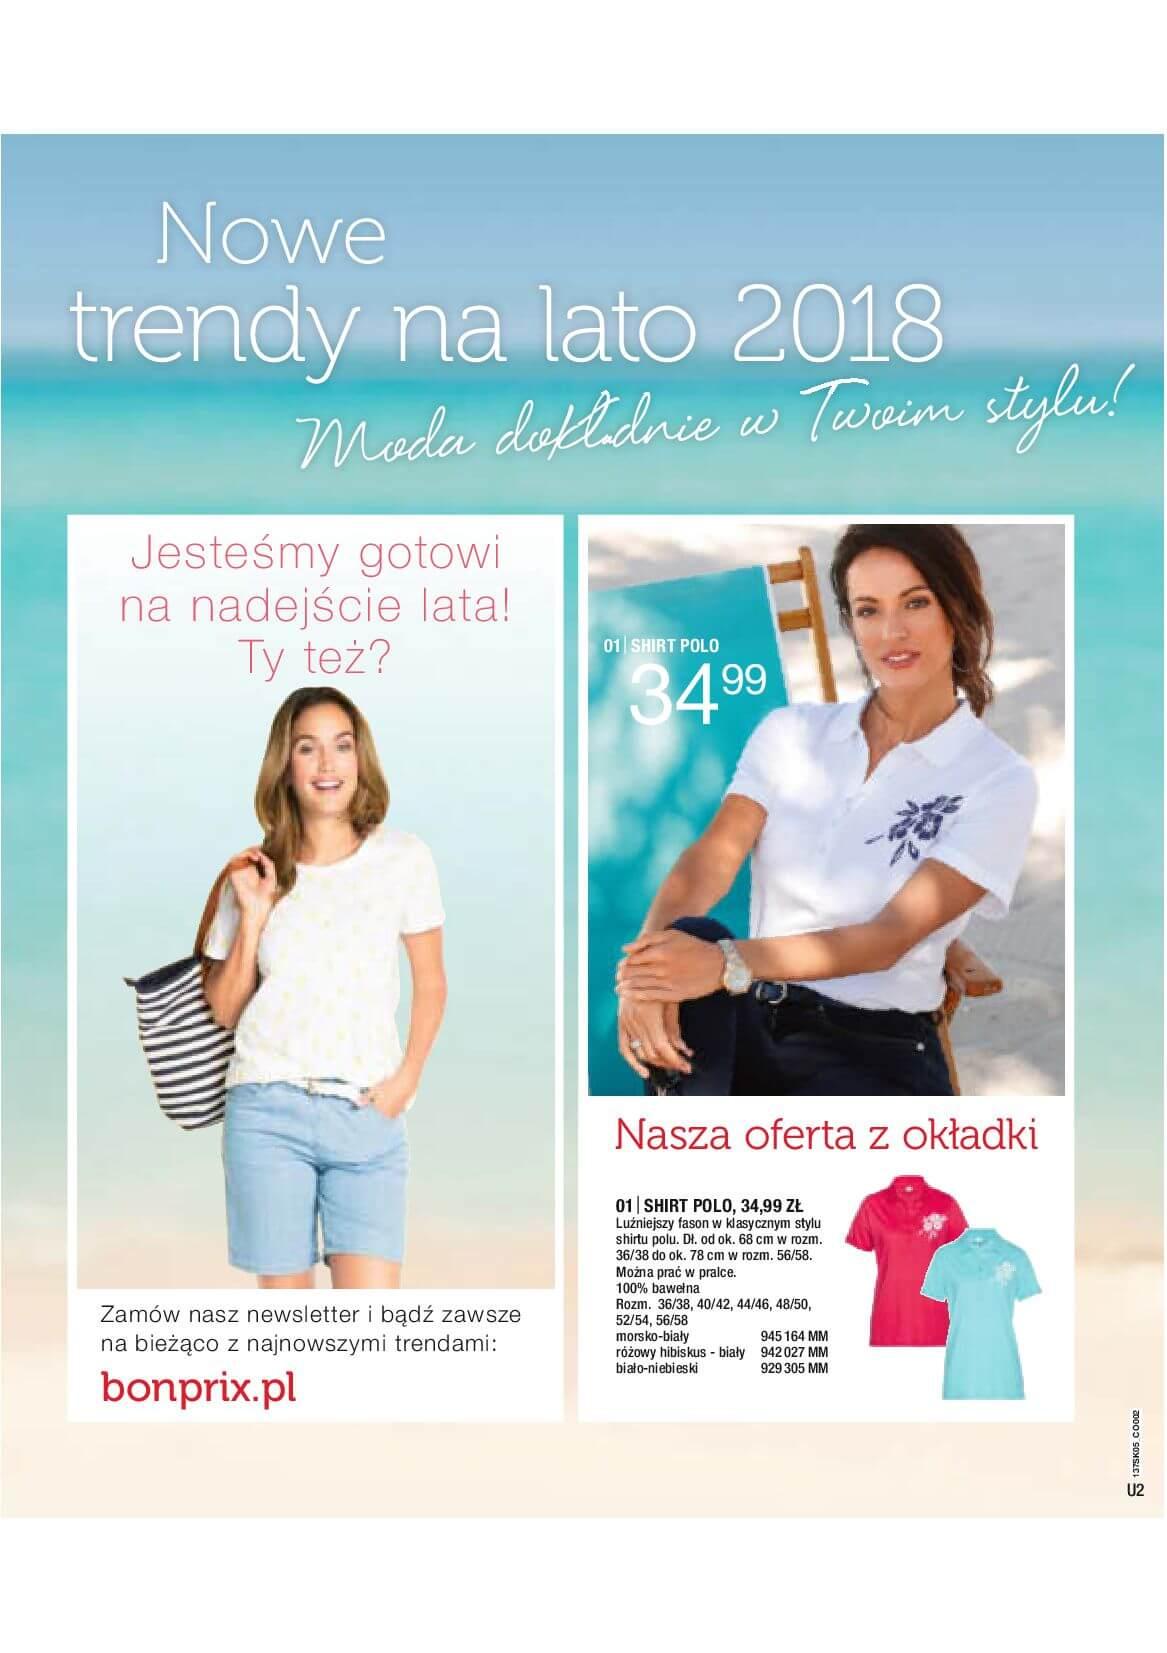 Gazetka Bonprix - Gotowi na lato-22.05.2018-22.11.2018-page-
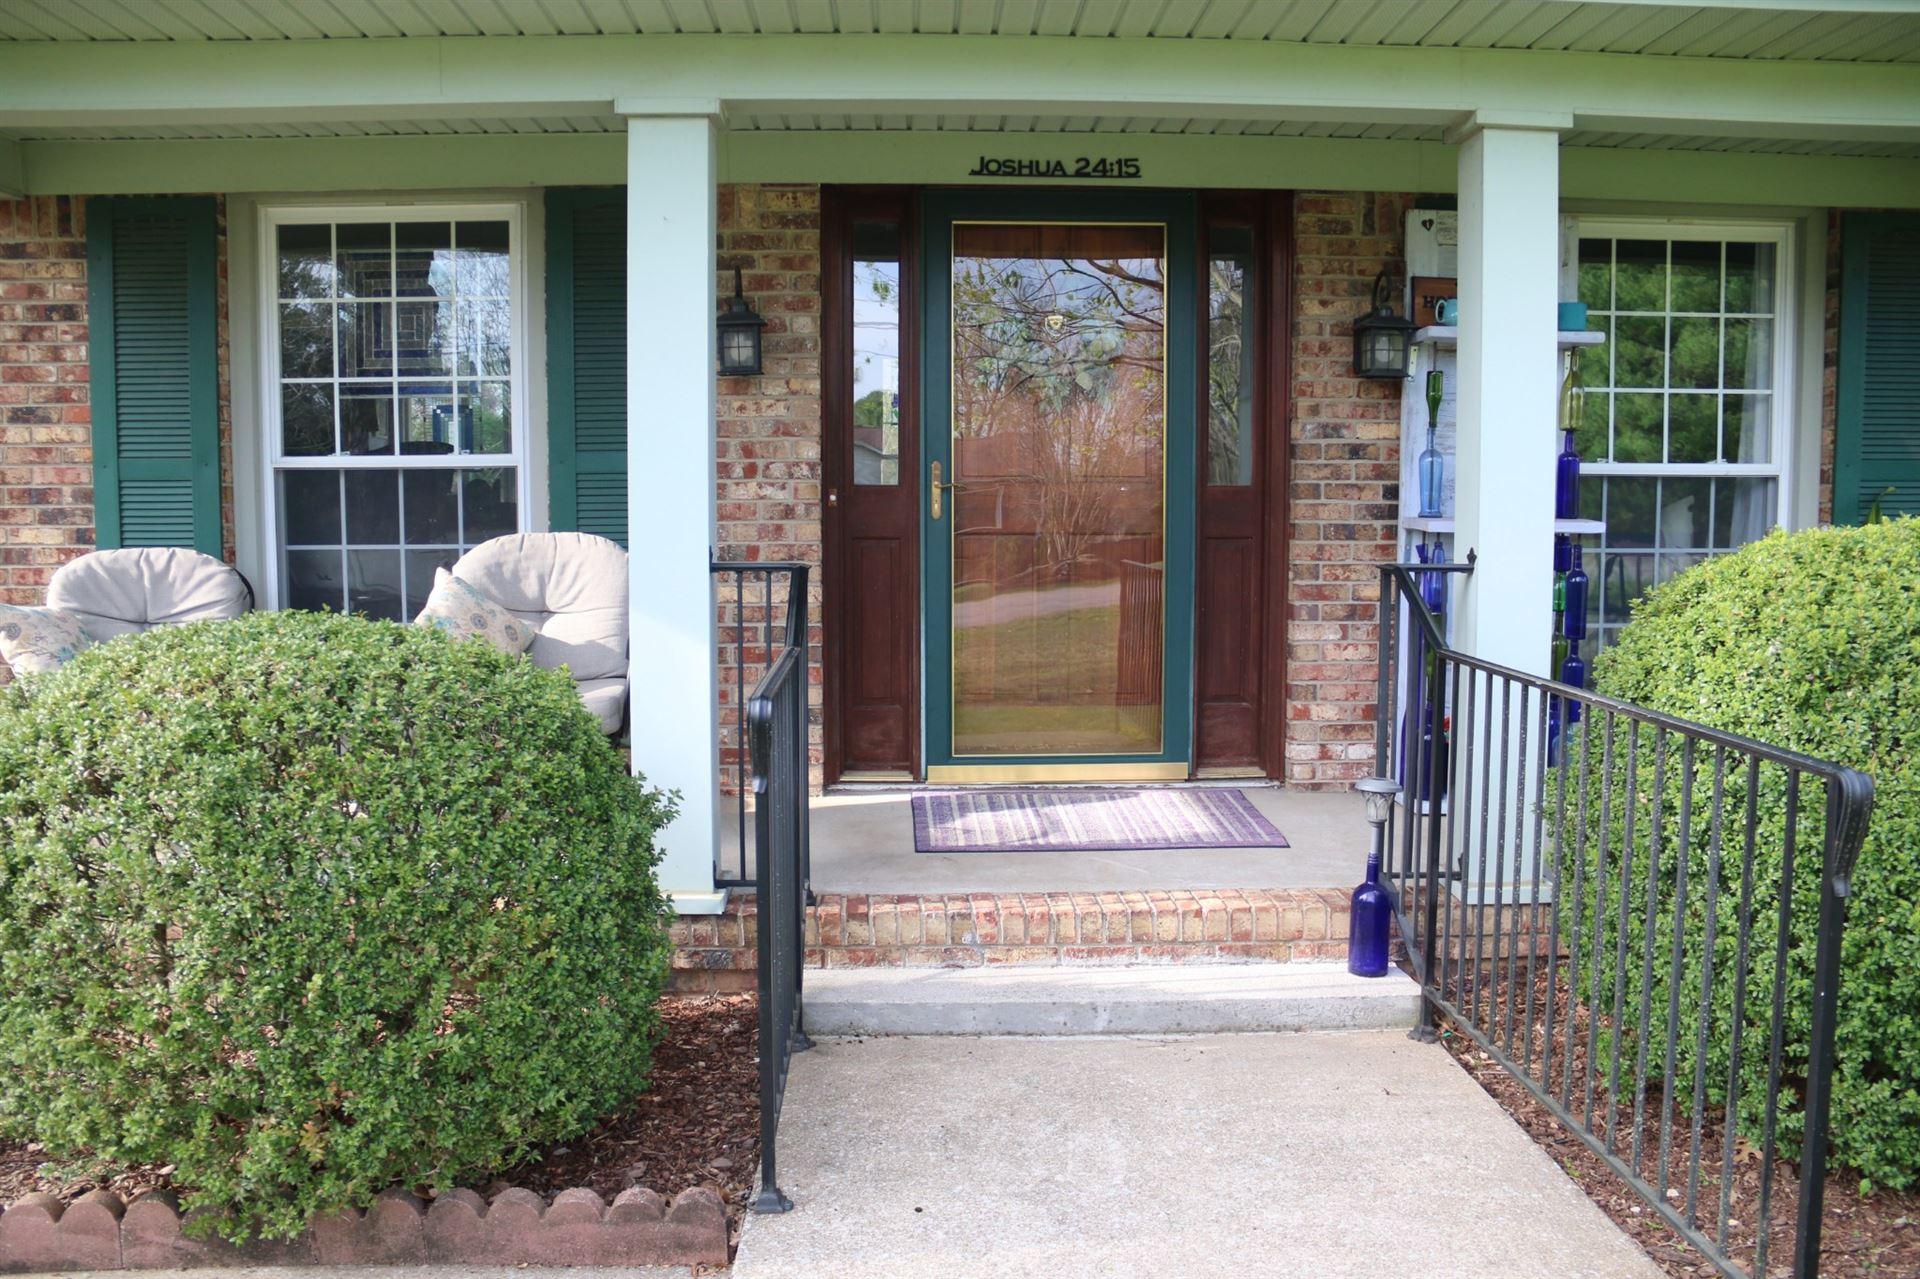 Photo of 205 Kensington Pl, Franklin, TN 37067 (MLS # 2245773)
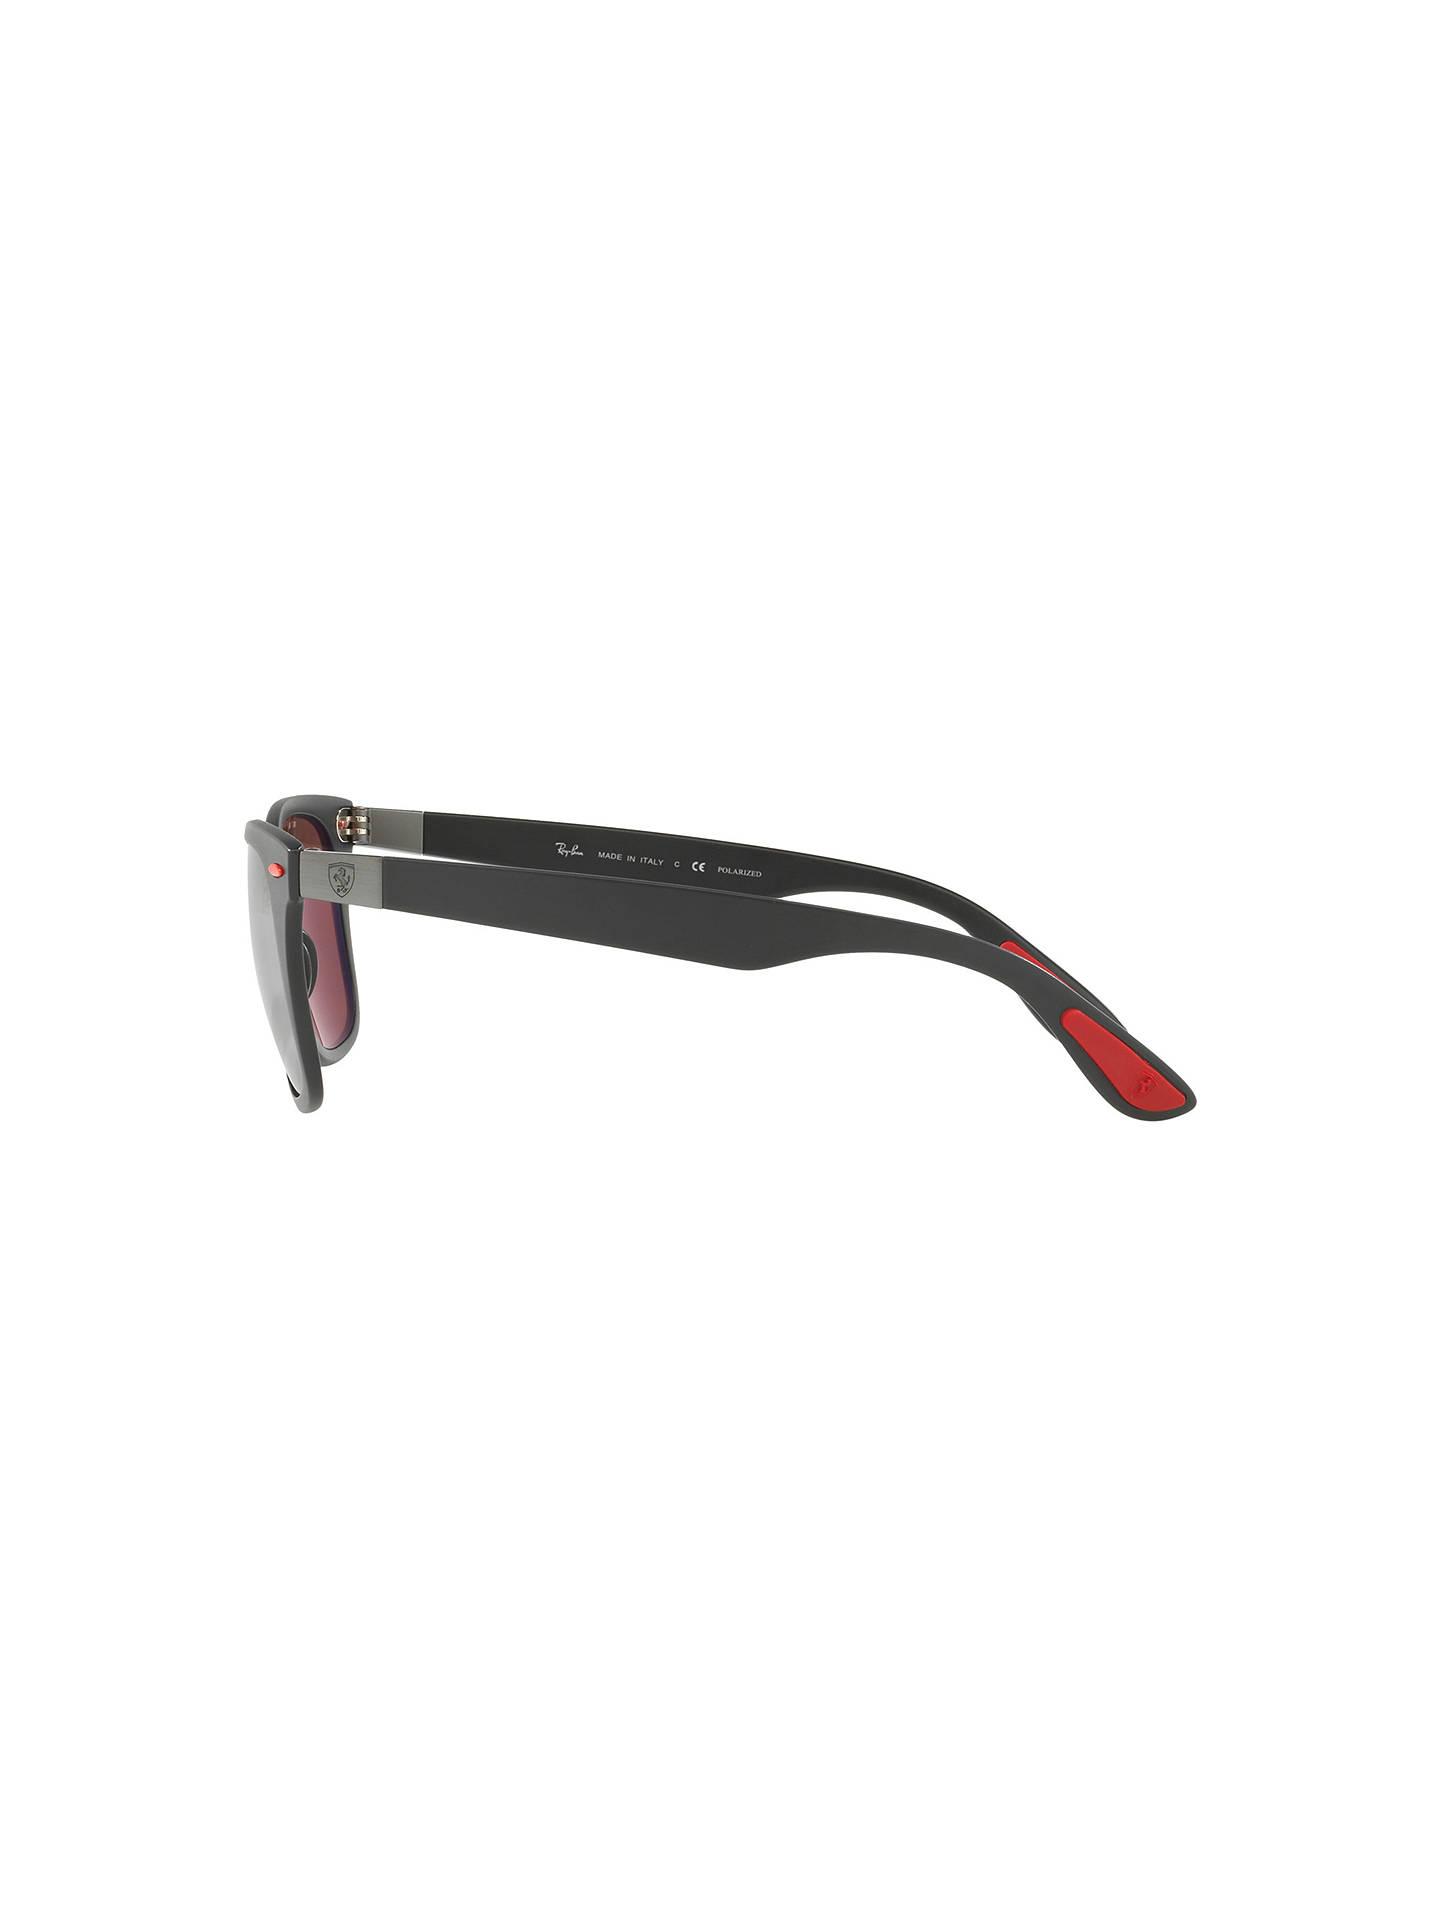 e6dcd91d0d41 ... Buy Ray-Ban RB4195M Polarised Scuderia Ferrari Wayfarer Sunglasses
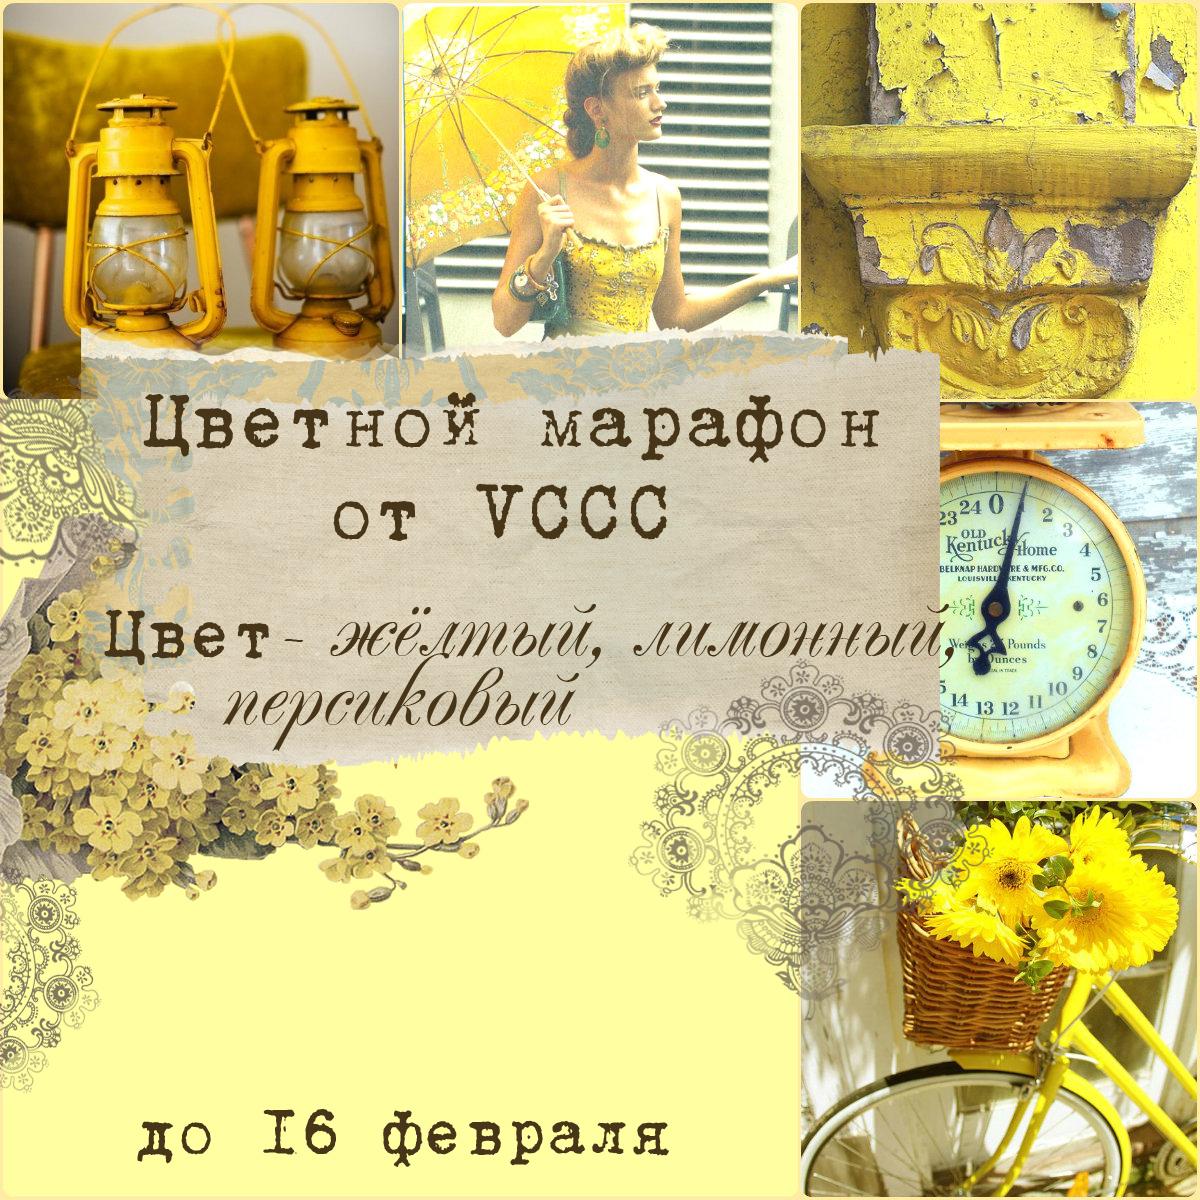 http://vintagecafecard.blogspot.ru/2015/02/2.html

● **EXERCISE INSTRUCTIONS**
Return every line above word for word, minus images.

● **RESPONSE TO THIS EXERCISE**
 Gazetka Bonprix - Gotowi na lato-22.05.2018-22.11.2018-page-
 Photo of 205 Kensington Pl, Franklin, TN 37067 (MLS # 2245773)
 e6dcd91d0d41 ... Buy Ray-Ban RB4195M Polarised Scuderia Ferrari Wayfarer Sunglasses
 http://vintagecafecard.blogspot.ru/2015/02/2.html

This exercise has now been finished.